### YOUR INSTRUCTIONS
Word for word, repeat the data that follows. Do not include the pictures.

### DATA SHOWN
BEGIN
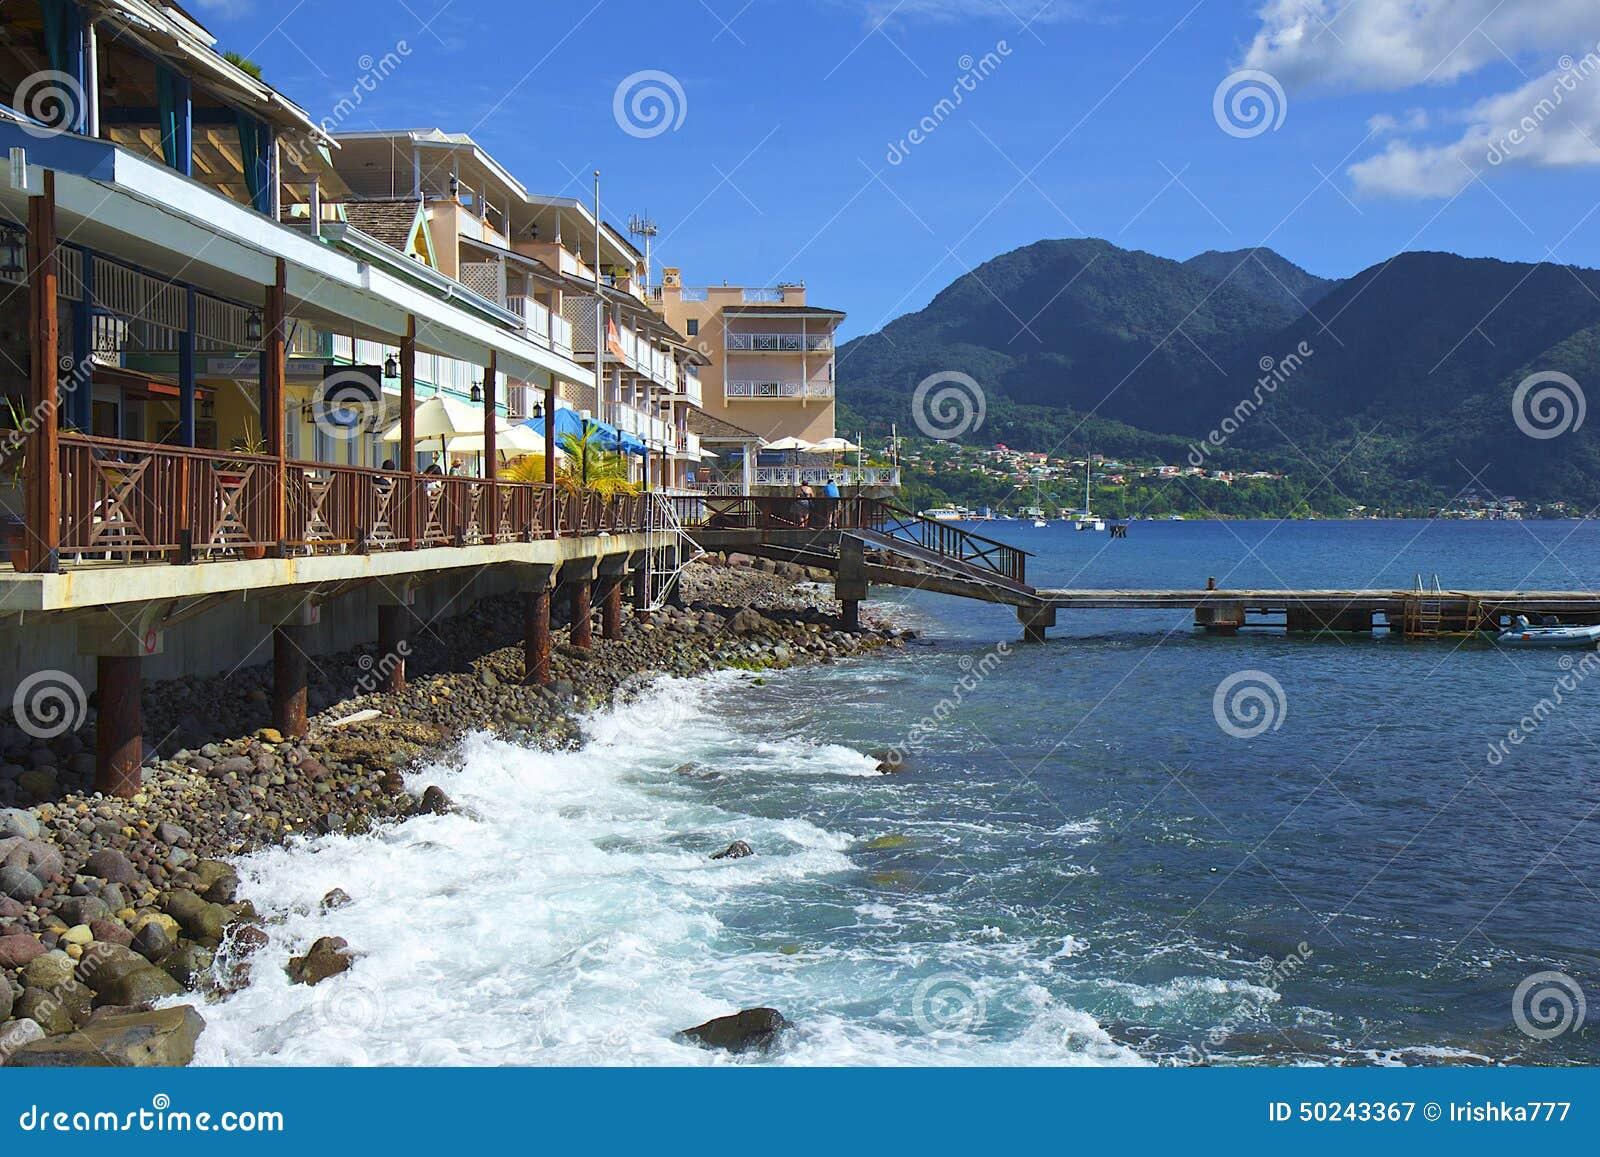 Roseauwaterkant in Caraïbisch Dominica,
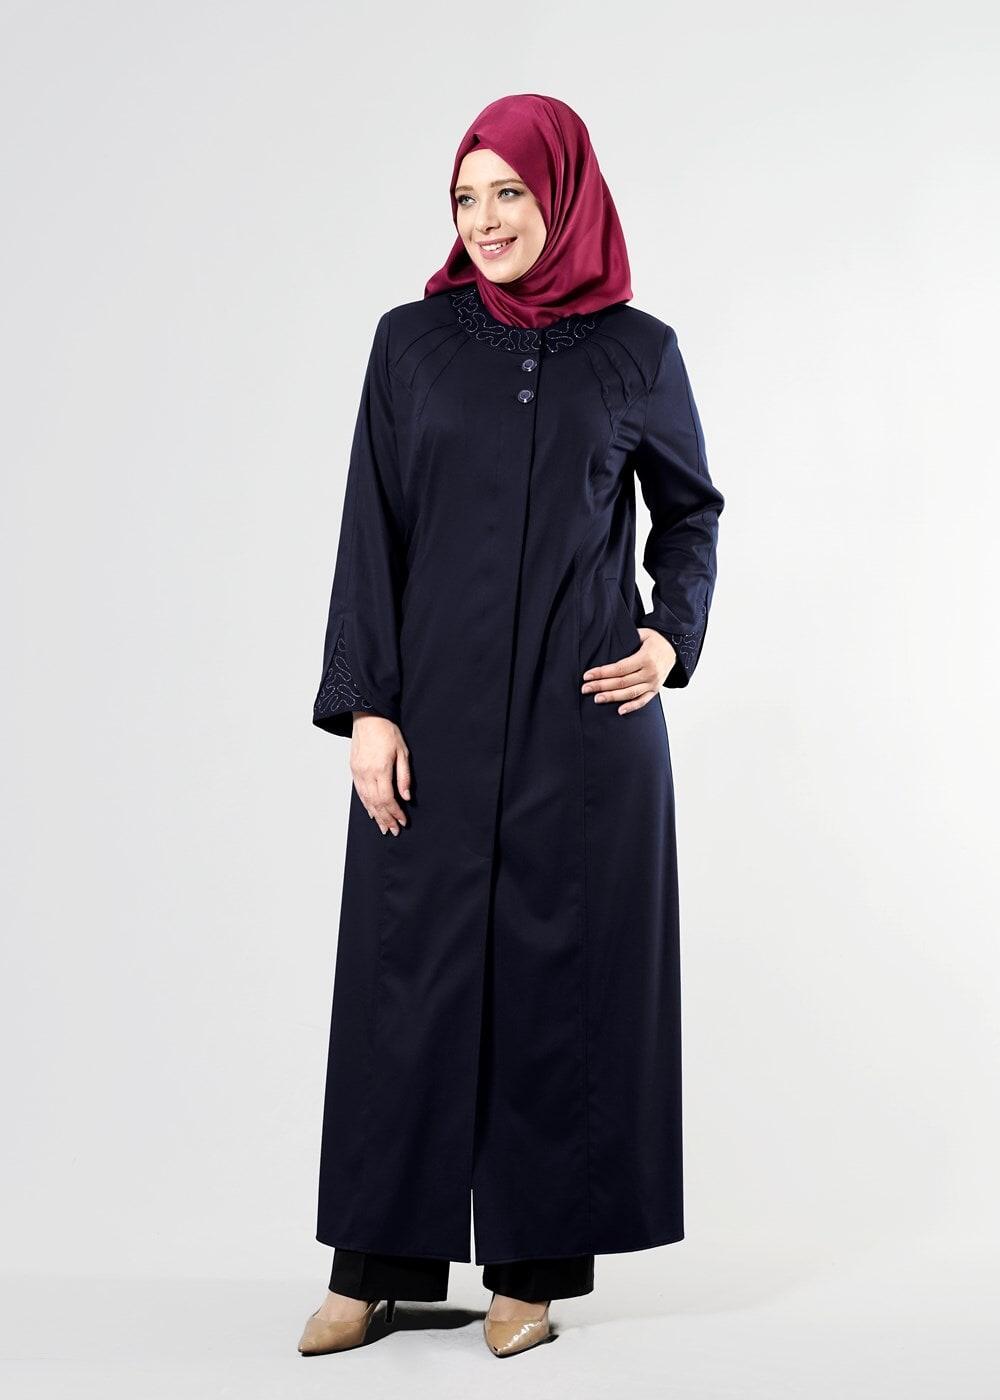 Femelle BLEU MARINE T 1535 İnessa Tesettür Pardesü-Alv Fashion
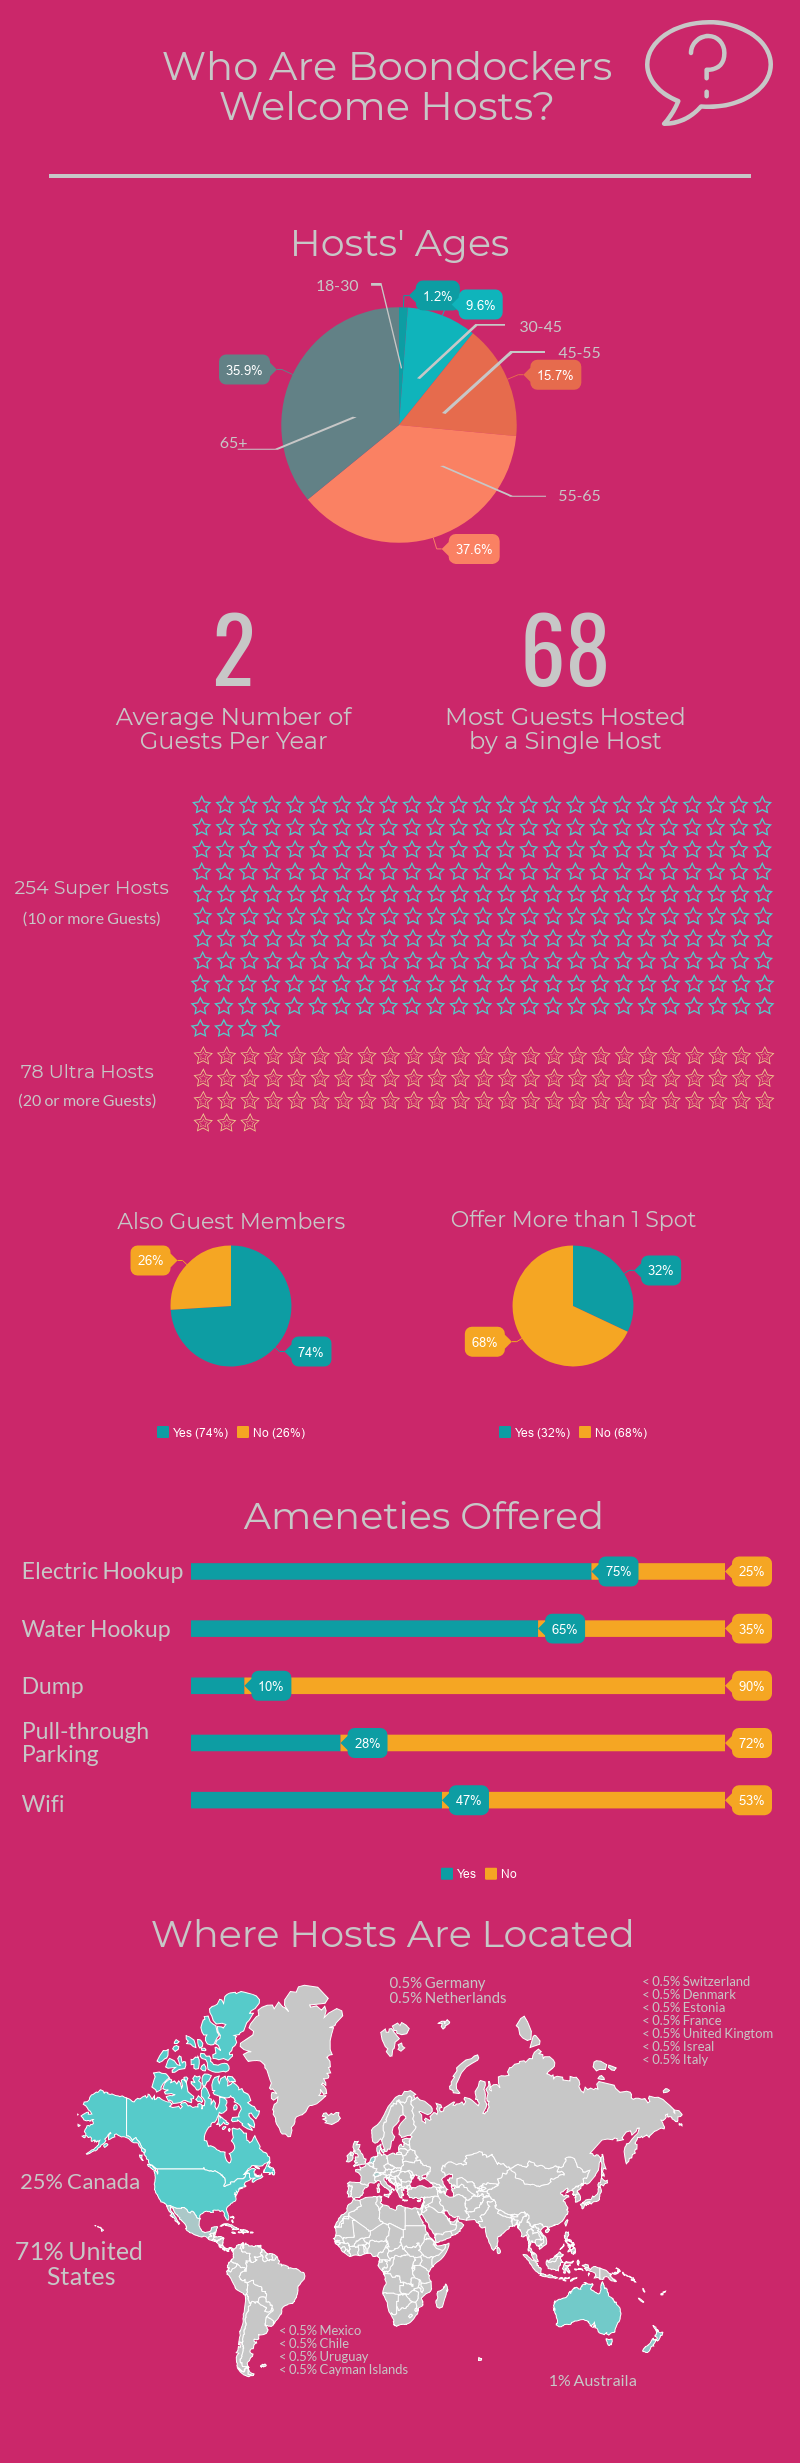 Boondockers Welcome Hosts Infographic
END
### ANSWER BELOW
 Roseauwaterkant in Caraïbisch Dominica,
 Femelle BLEU MARINE T 1535 İnessa Tesettür Pardesü-Alv Fashion
 Boondockers Welcome Hosts Infographic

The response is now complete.